* Extracted material
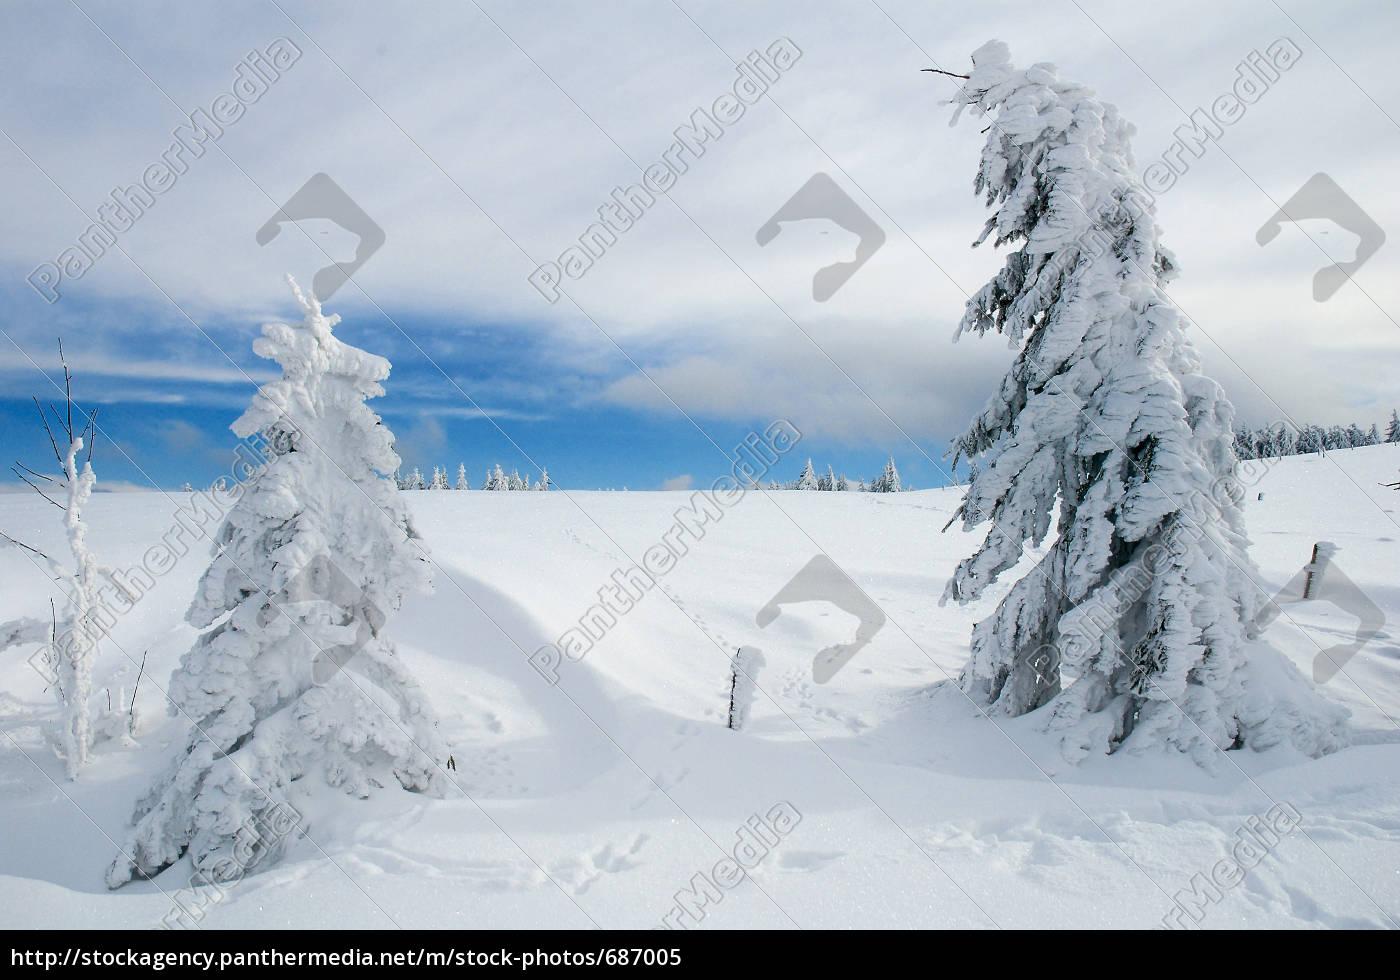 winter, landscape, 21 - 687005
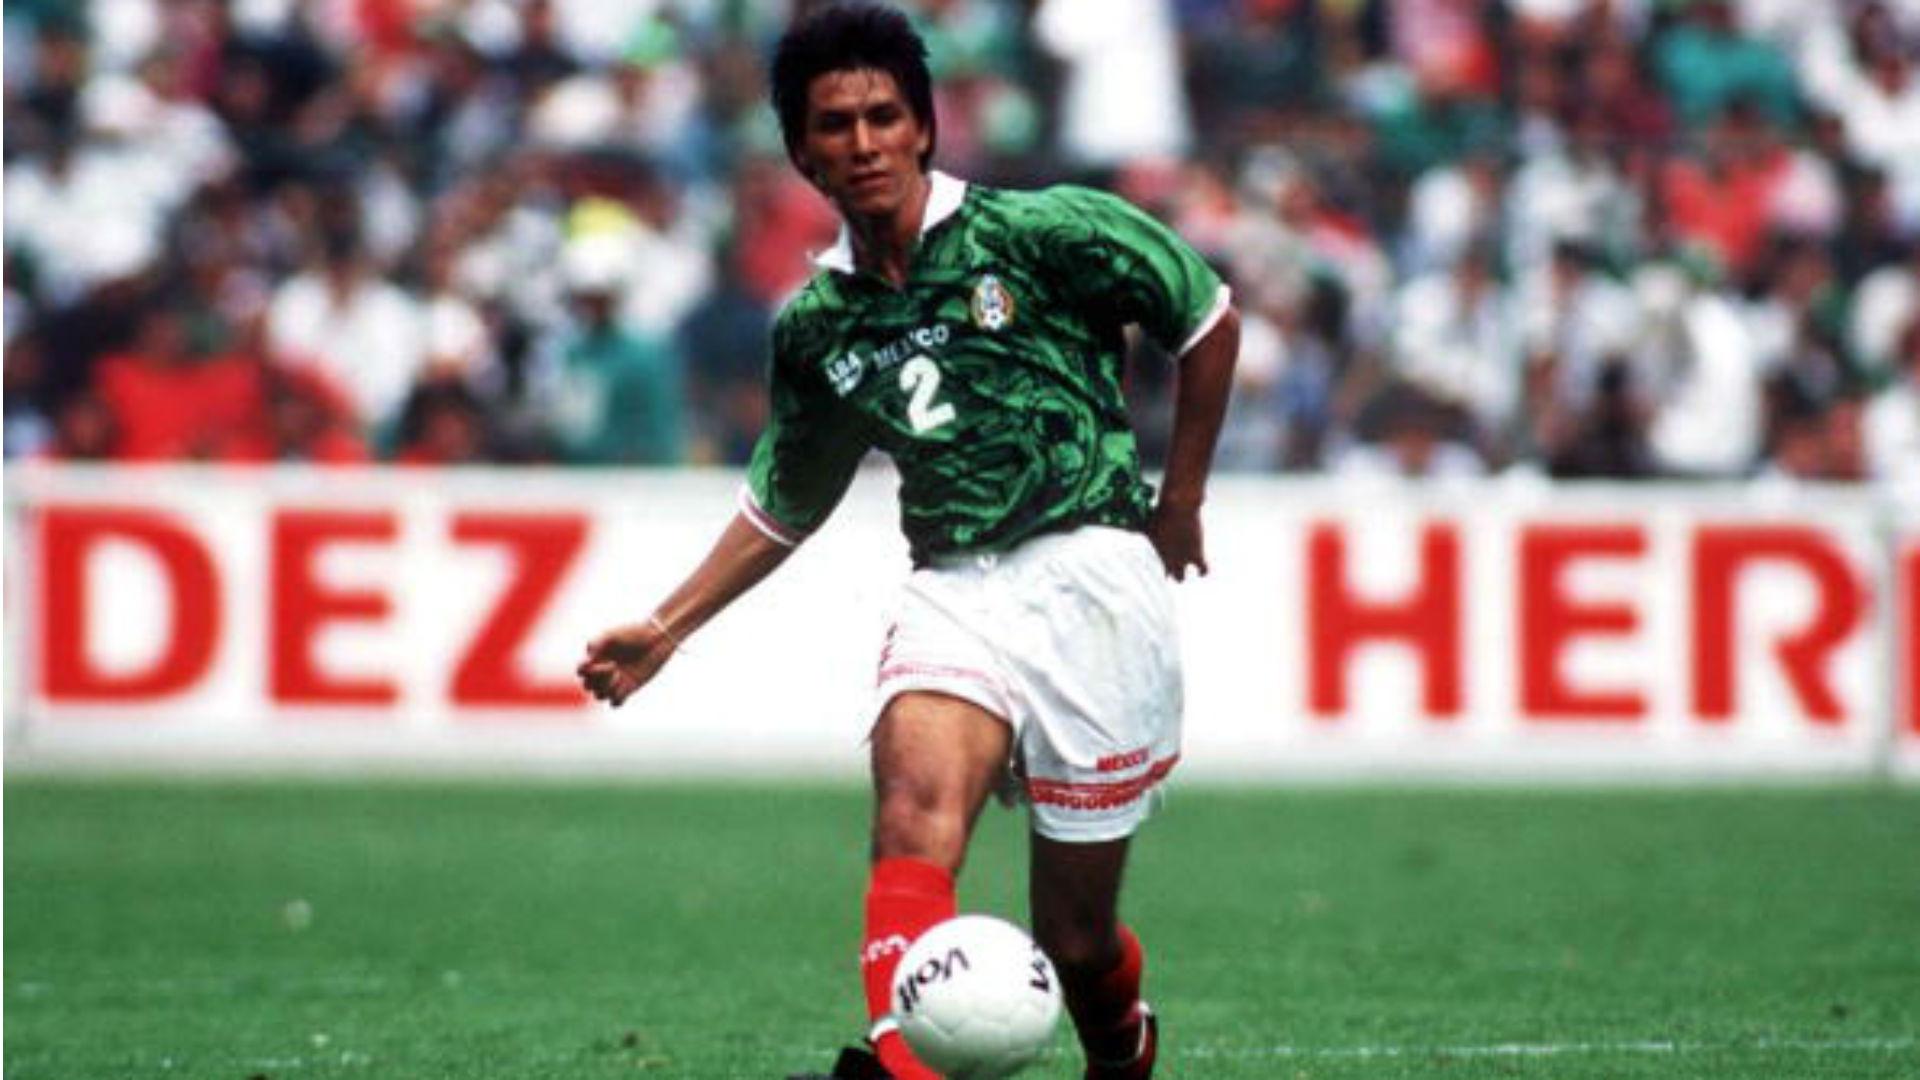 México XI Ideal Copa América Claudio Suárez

* * *

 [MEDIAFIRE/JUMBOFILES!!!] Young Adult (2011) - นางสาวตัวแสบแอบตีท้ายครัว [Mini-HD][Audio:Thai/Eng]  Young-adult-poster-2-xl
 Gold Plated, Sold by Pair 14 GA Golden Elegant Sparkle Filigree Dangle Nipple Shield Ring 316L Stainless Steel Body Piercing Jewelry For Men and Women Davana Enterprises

==

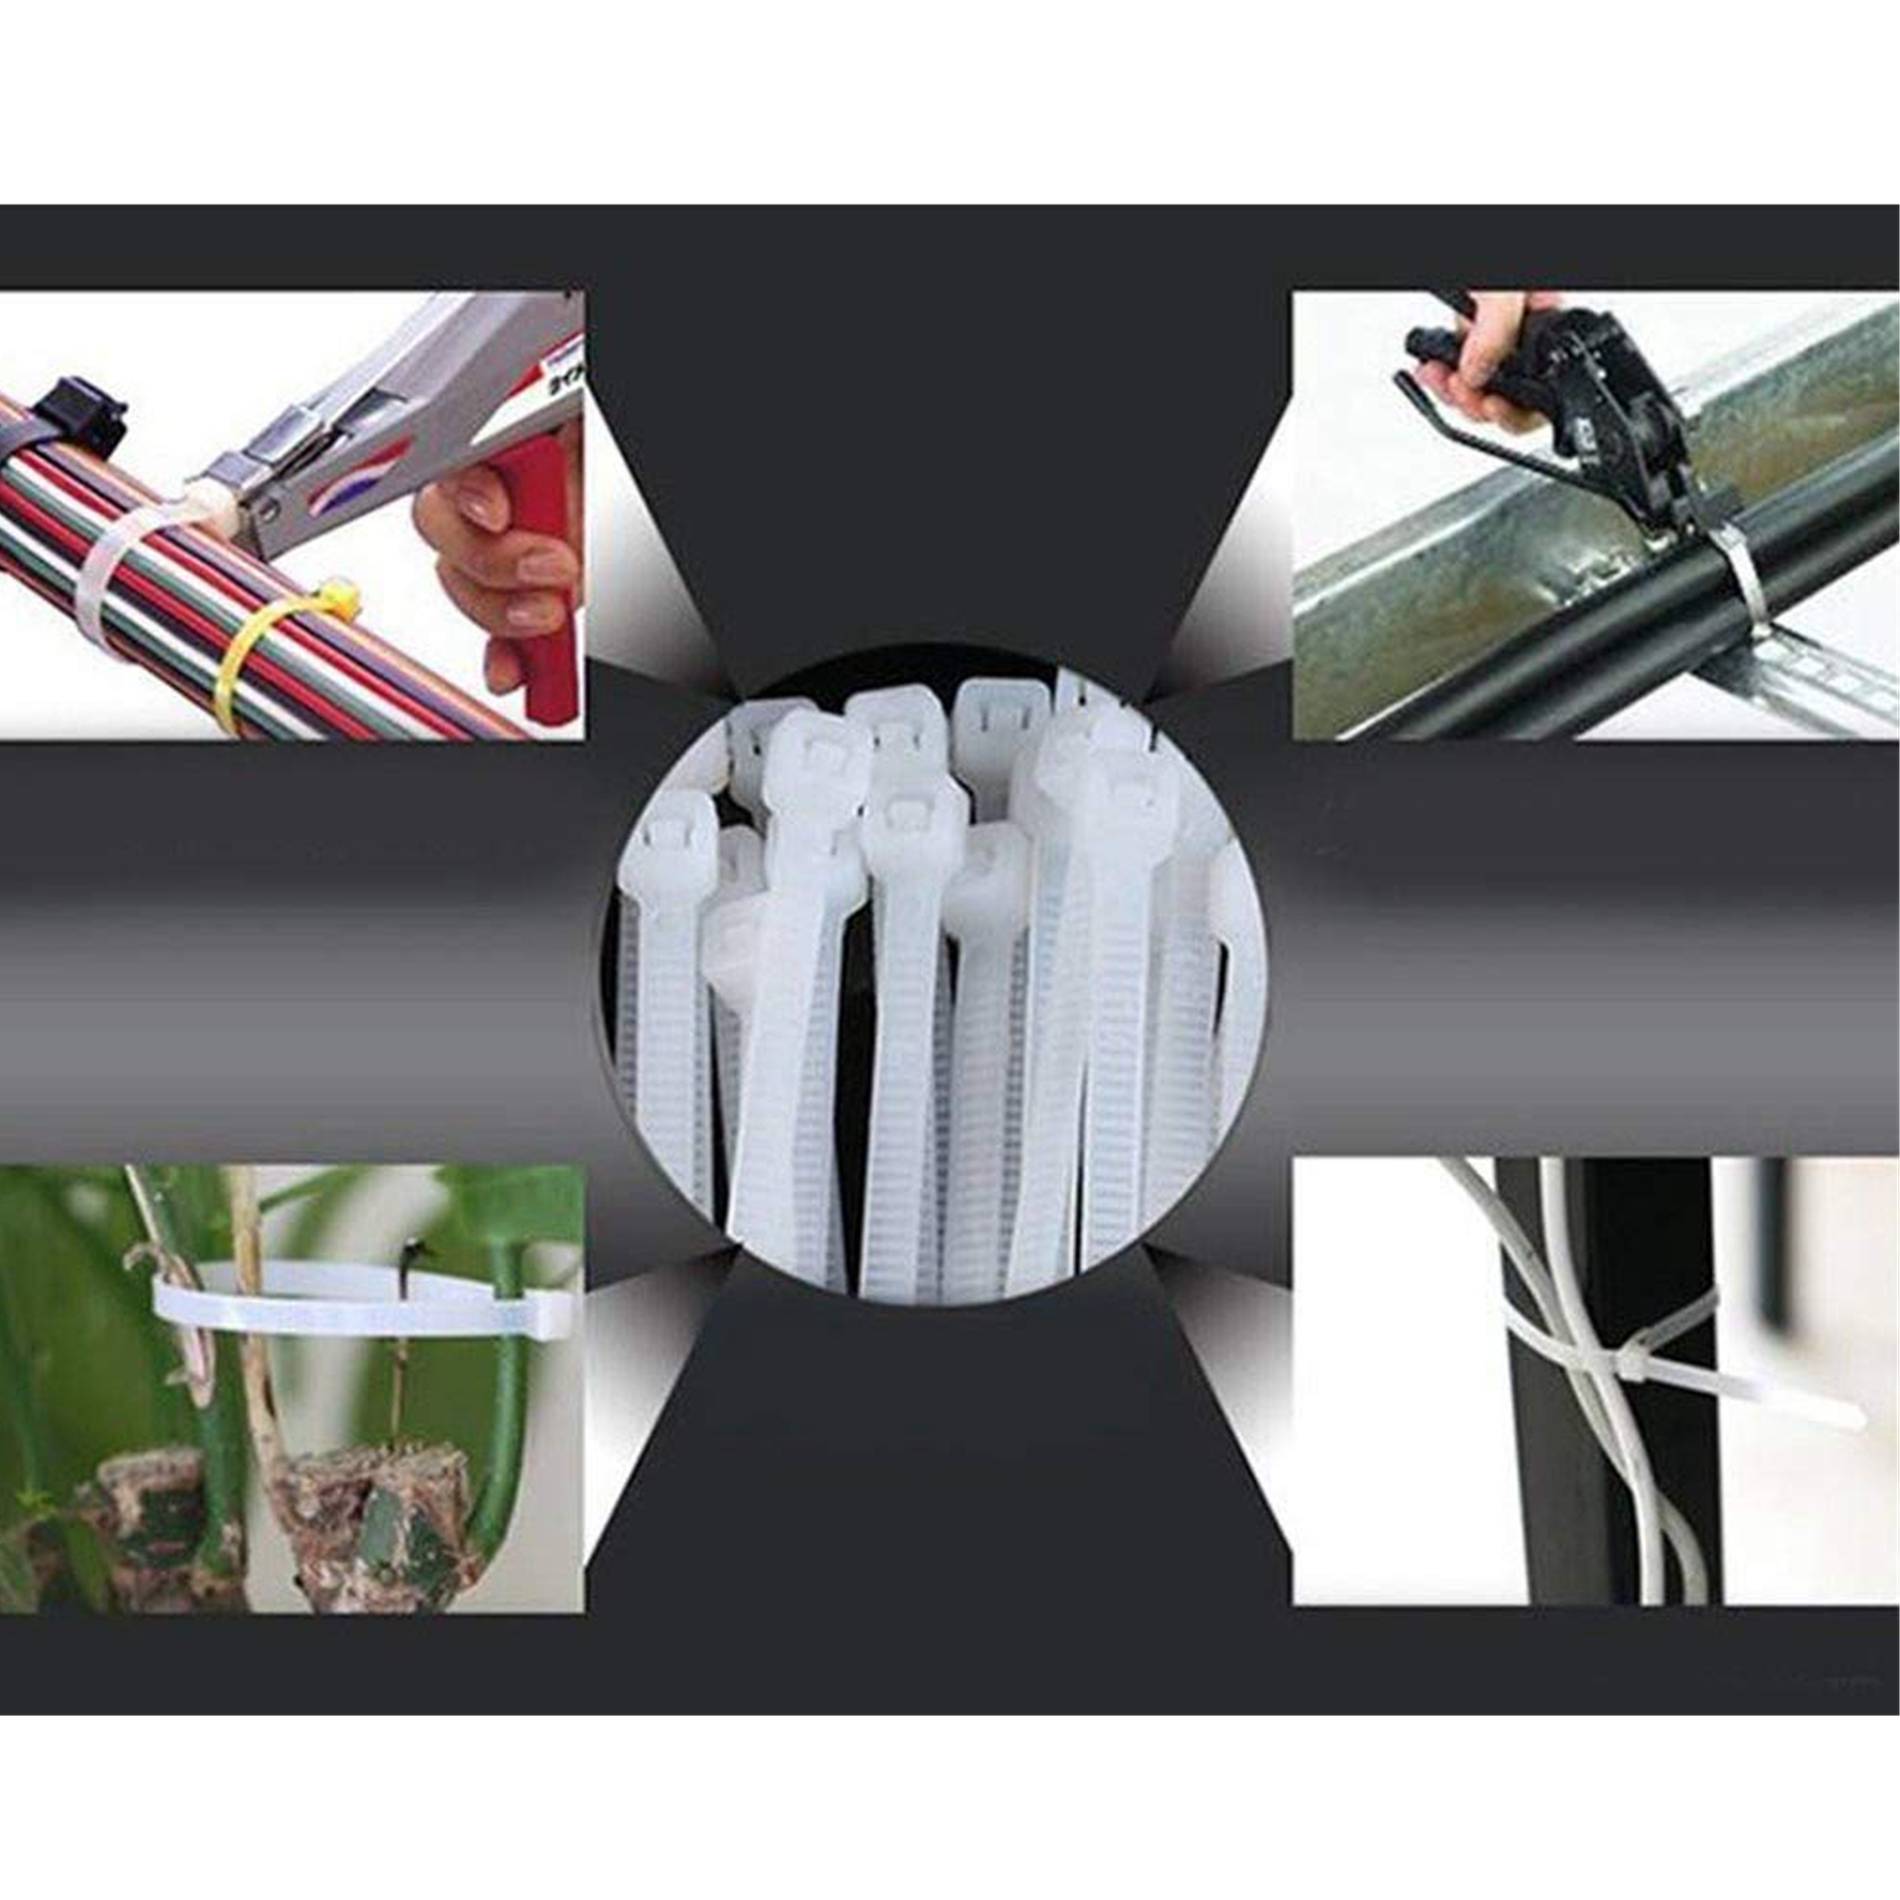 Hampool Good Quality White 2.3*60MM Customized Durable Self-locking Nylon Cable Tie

* Assignment
Using the entries above, reproduce word for word only the lines from the one that contains "winter, landscape, 21 - 687005" to the one that contains "México XI Ideal Copa América Claudio Suárez", both ends included, and drop every picture.

* Solution to the exercise
 winter, landscape, 21 - 687005
 México XI Ideal Copa América Claudio Suárez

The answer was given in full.